Otobiyografik Julia Teyze romanında kendisinin birebir anlattığı, ikinci turda kayınvalidesi olacak bir kadının kız kardeşiyle yaptığı ilk evlilikten hiç bahsetmeyeceğim.

Teyze-eşle Paris'te yaşadıkları yıllarda yanlarına Julia'nın yeni yetme kuzeni Patricia gelir.

Gönül işlerinde, gündüz kuşağı programlarına taş çıkartacak ilişkilere dalan 28 yaşındaki genç yazar, jet hızıyla genç kuzeni ayartır ve iki ay içinde teyzeyi boşayıp, kuzeni alır.

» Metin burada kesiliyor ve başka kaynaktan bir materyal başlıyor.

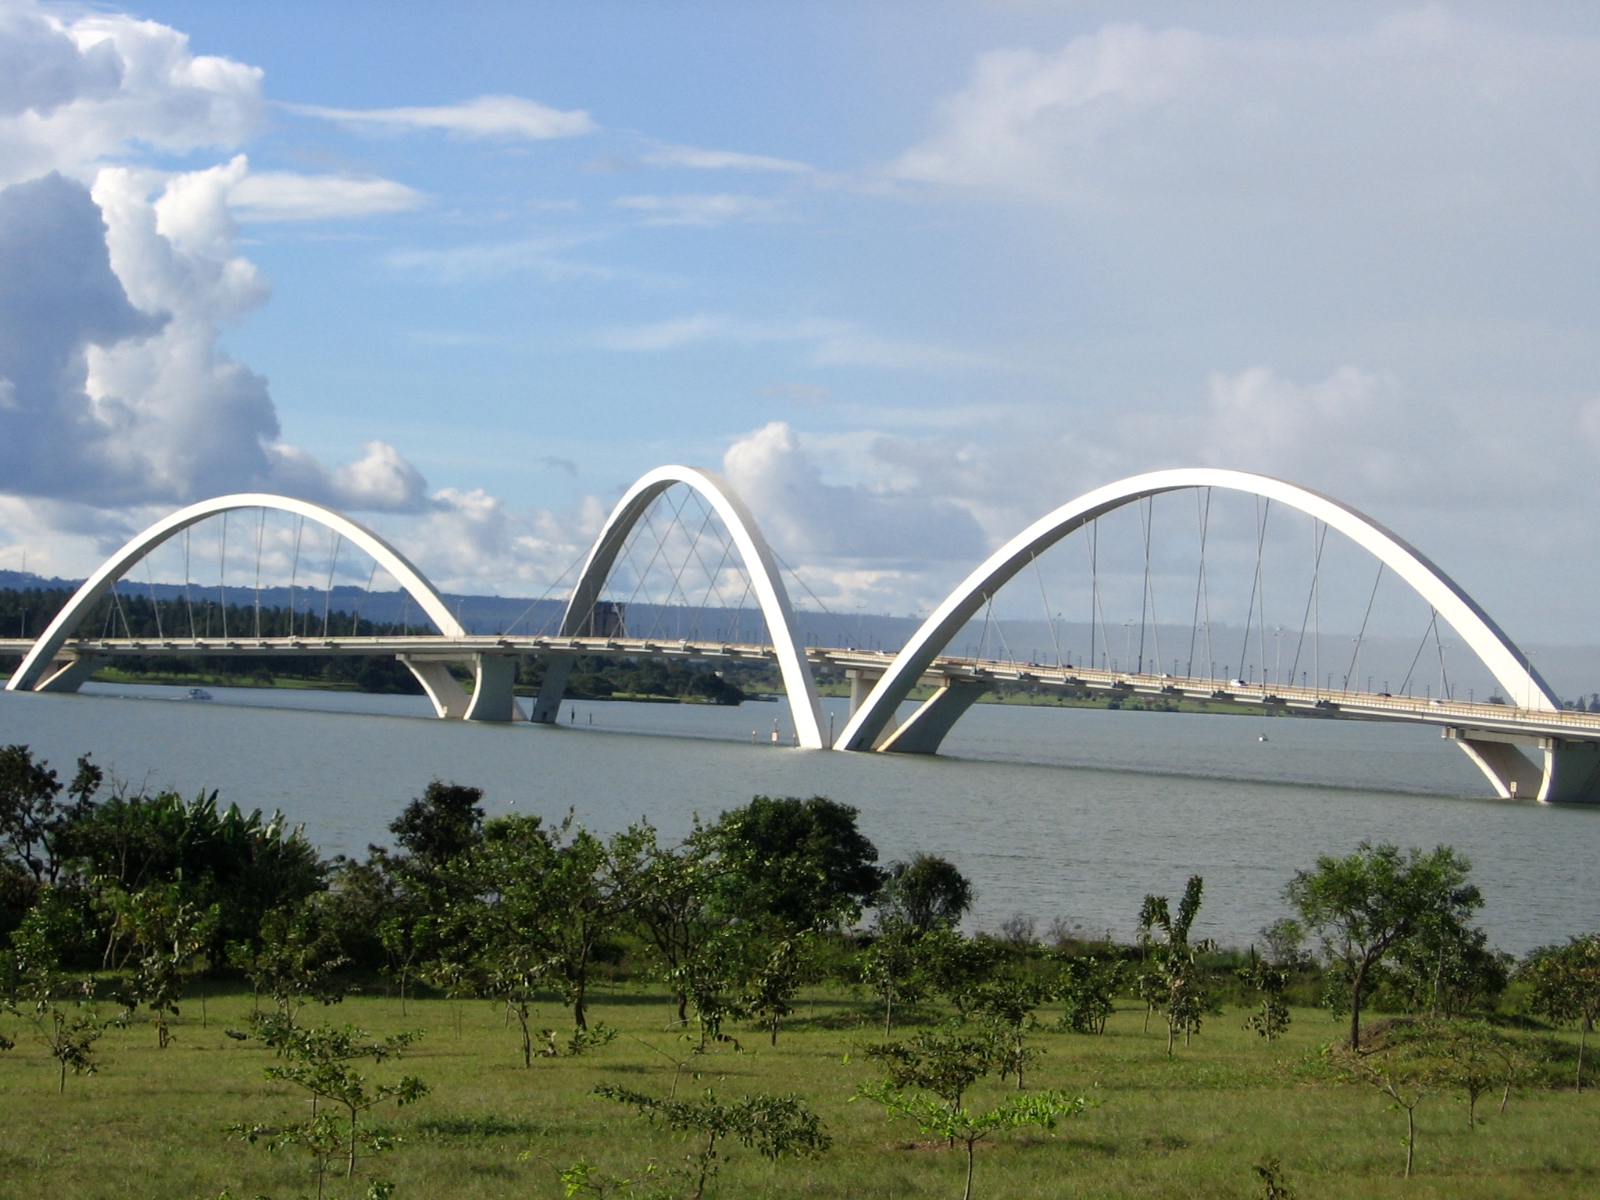 Новая столица бразилии. Мост Жуселину Кубичека. Мост Жуселину Кубичека Бразилиа. Мост Жуселину Кубичека, Бразилиа, Бразилия. Мост Juscelino Kubitschek в Бразилиа (Бразилия).

O yıllarda şöhret merdivenlerini tırmanan MVL ile 50 yıl evli kalmayı başaran Patricia, dişli çıkmıştır. Yazarın dişi sineği kaçırmayan çapkınlıklarına göz yuman ikinci eş, arka planda kalmayı kabullenmiş; "dahi koca"nın sekreterliğini ve menejerliğini üstlenmiştir.

Patricia yıllar sonra bu ilişkiyi "Yetenek Mario'nun ama özveri benim. Çok emek verdim. Ben olmasam, Mario yazar olamazdı!" diye anlatacaktır.

GABO'YA İNEN YUMRUK

2010'da Nobel edebiyat ödülü alacak olan MVL ile Patricia'nın roman tadındaki maceralarından en hatırda kalanı şöyle:

Yıl 1974.

İspanya'da Franko yıllarının sonu. Başta Marquez olmak üzere, Jose Donoso, Julio Cortazar gibi Güney Amerika edebiyatının yıldız isimleri Vargas Llosa'lar gibi Barselona'da konuşlanmışlar.

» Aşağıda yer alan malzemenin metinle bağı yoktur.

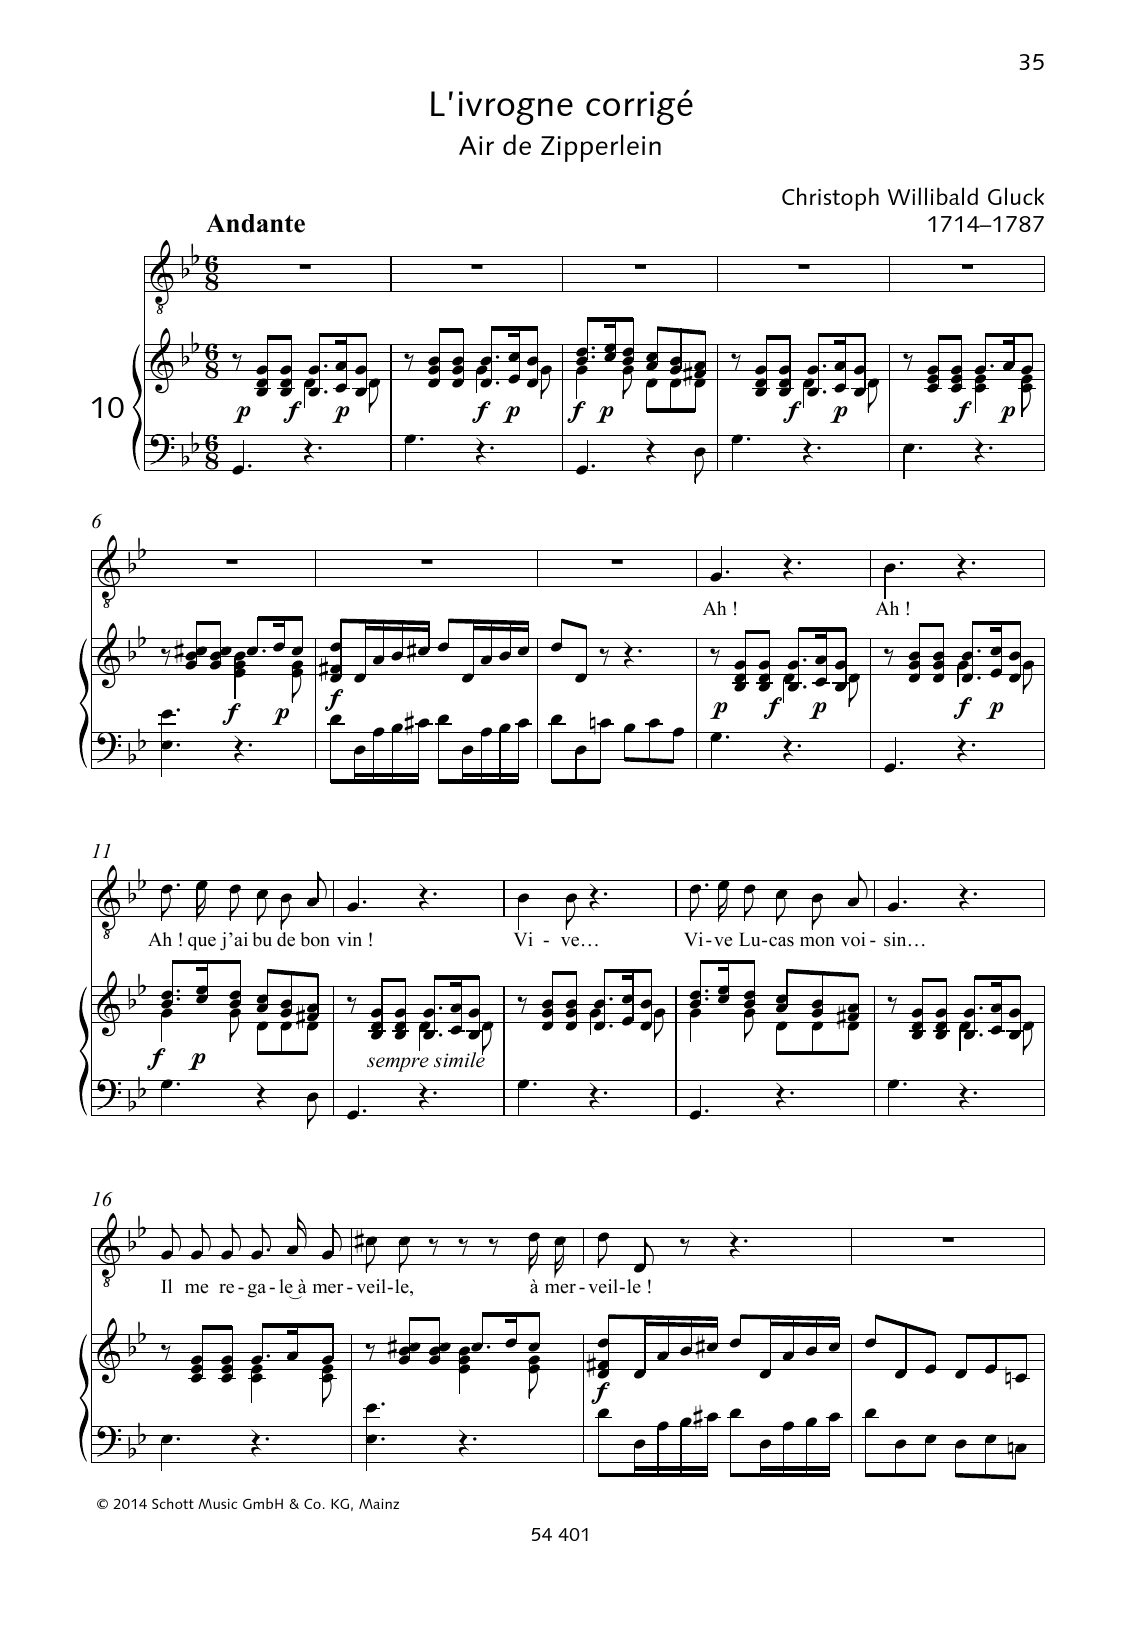 Christoph Willibald Gluck Ah! Que j'ai bu de bon vin! sheet music notes and chords arranged for Piano & Vocal

Patricia "Yeter artık! Peru'ya ülkemize geri dönelim" diyor. Eşyaları Barselona'dan, Rossini isimli bir İtalyan yolcu gemisine yüklüyorlar. Okyanusu gemiyle geçecekler. Ama gemi okyanusa varmadan, MVL gönlünü Susana isimli bir yolcuya kaptırıyor. Ve Patricia'yı bırakıp yolculuğu Susana ile tamamlıyor.

Bunun artık son damla olduğu düşünülüyor. Patricia, kocasıyla ortak dostları, Gabo'ya -Gabriel Garcia Marquez- dert yanarken; o da çapkın olan Kolombiyalı yazar, "Sen de bu kadar çantada keklik olma. Gel hadi Mario'yu biraz kıskandıralım! Eğer olmazsa, boşanman için sana benim avukatlarım yardım eder" diyor.

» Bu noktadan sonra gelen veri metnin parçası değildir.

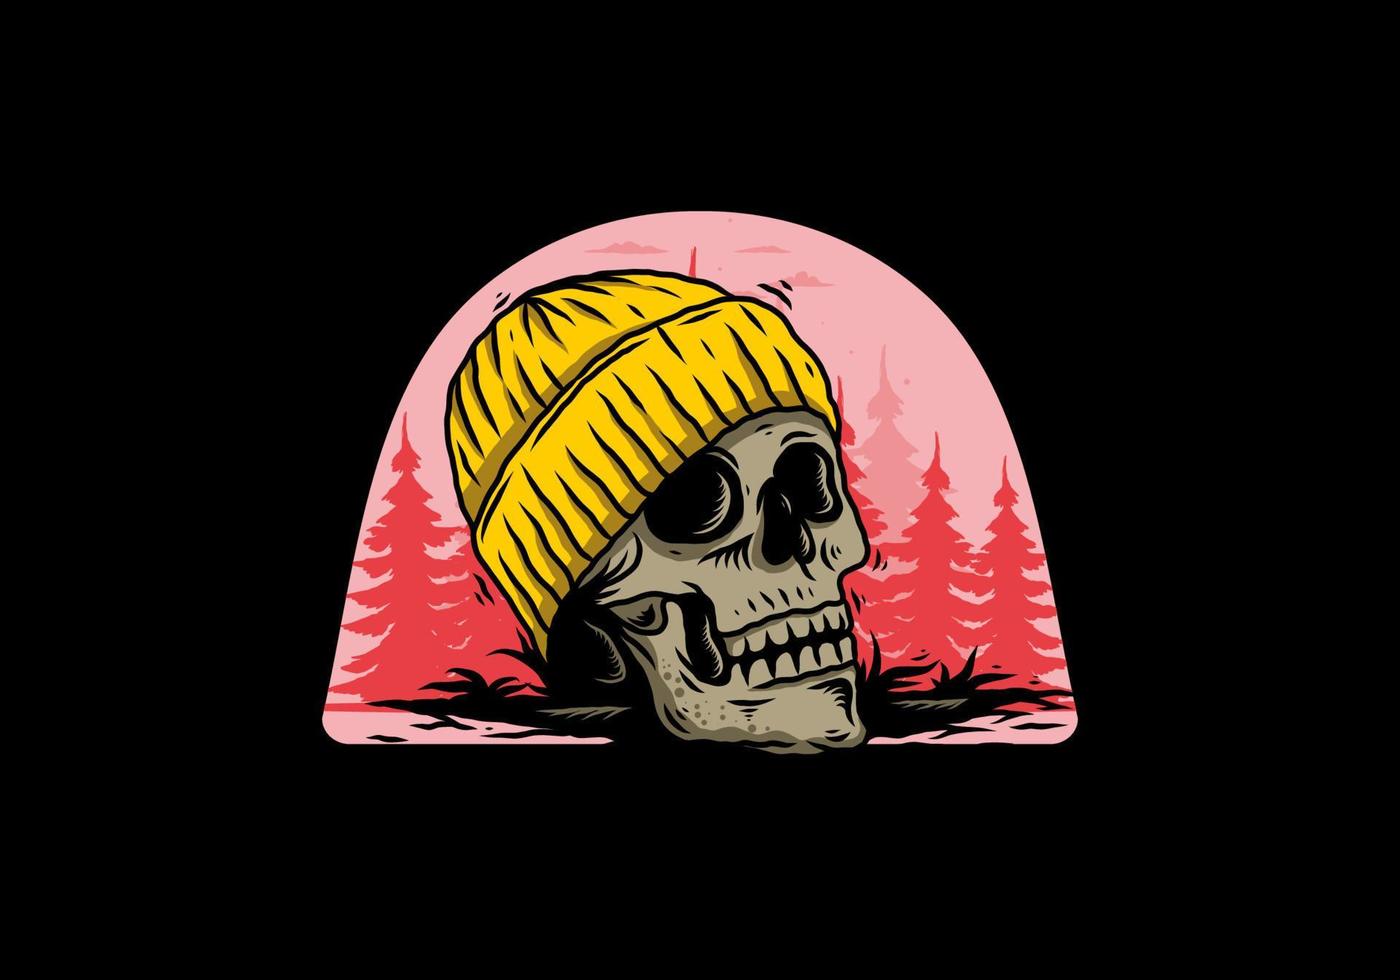 Skull head wearing beanie illustration design vector

MVL bunu duyuyor ve tez elden karısına döndüğü gibi Latin Amerika'nın Nobelli diğer büyük yazarı Marquez'i ilk gördüğü yerde yumruklayarak yüzünü gözünü dağıtıyor.

Bu iki yazarın "son görüşmesi" oluyor. Bir daha hiç karşılaşmıyorlar.

Hayal gücüne ne hacet, adamın kendi hayatı doğrudan roman. Ama durun daha bitmedi.

Patricia sabrede ede böyle... 2015 yılında, yazarla olan evliliklerinin 50. yılını dolduruyor.